In this novel, Silkstone has been hired to inventory the samples from a scientific expedition recently returned from Jamaica. Of the three scientists who traveled on this expedition, two have died, the third has disappeared, along with a key journal of their observations, and he’s feared dead.

Along with this central mystery, Silkstone finds himself wrestling with a number of other problems which force him to confront the acceptance of slavery in Britain, despite a judicial ruling years earlier determining that those who enter the country as slaves have a right to demand their freedom. Just as in our own time, the letter of the law and its actual practice are at odds. As Silkstone tends slave owners and their slaves he is confronted with the violence and dehumanization at the heart of the institution. What he formerly viewed as an abstract issue of justice is now an immediate and distressing challenge.

Harris also gives us a love interest, Silkstone’s former fiancee, the widowed Lady Lydia Farrell. Following her husband’s death, Lady Lydia’s son has become a ward of the crown, which means she can no longer consort with Silkstone because of his enemy status.

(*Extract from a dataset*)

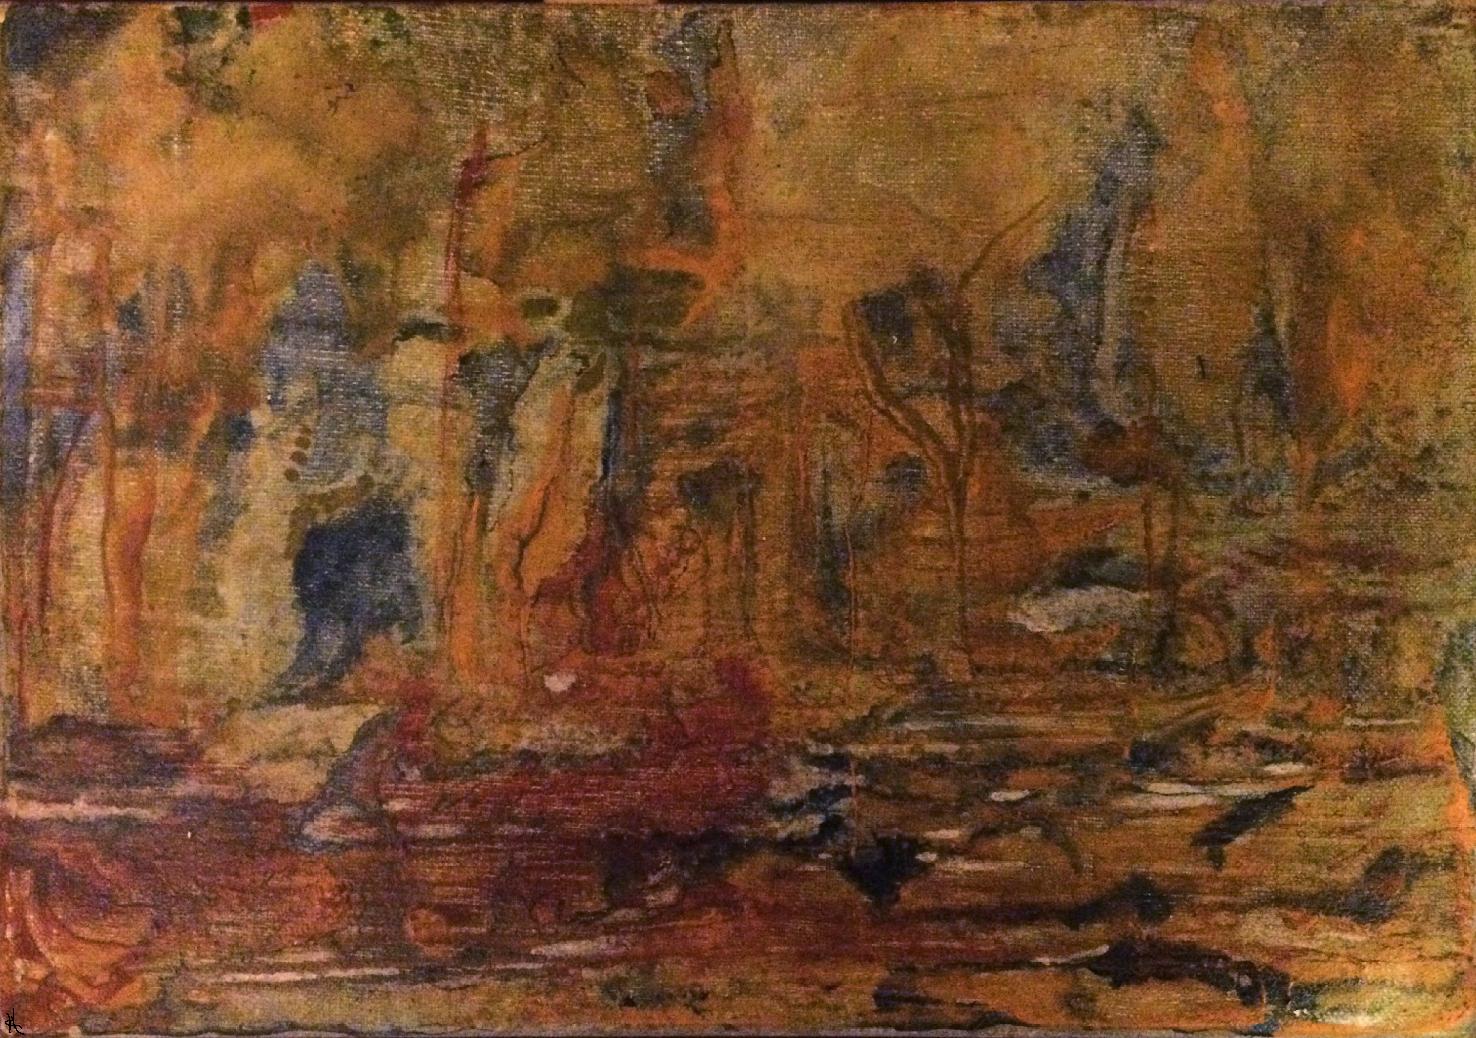 La caverne du bois

As you can see, there’s a lot going on, and Harris balances these different plots adeptly. Too often, series novels either require familiarity with previous volumes or overcompensate by providing unnecessary backstory. The Lazarus Curse does neither of these. Harris’s portrayal of characters is rich enough that the reader quickly comes to know them—and this knowing allows the missing pieces of their stories to be inferred.

While Silkstone sorts out many of the problems he’s confronted with, he doesn’t quite manage all of them. Clearly Harris is already planning volume five in the series. Given her knowledge of this historical period and her skills as a writer, I’m looking forward to reading it.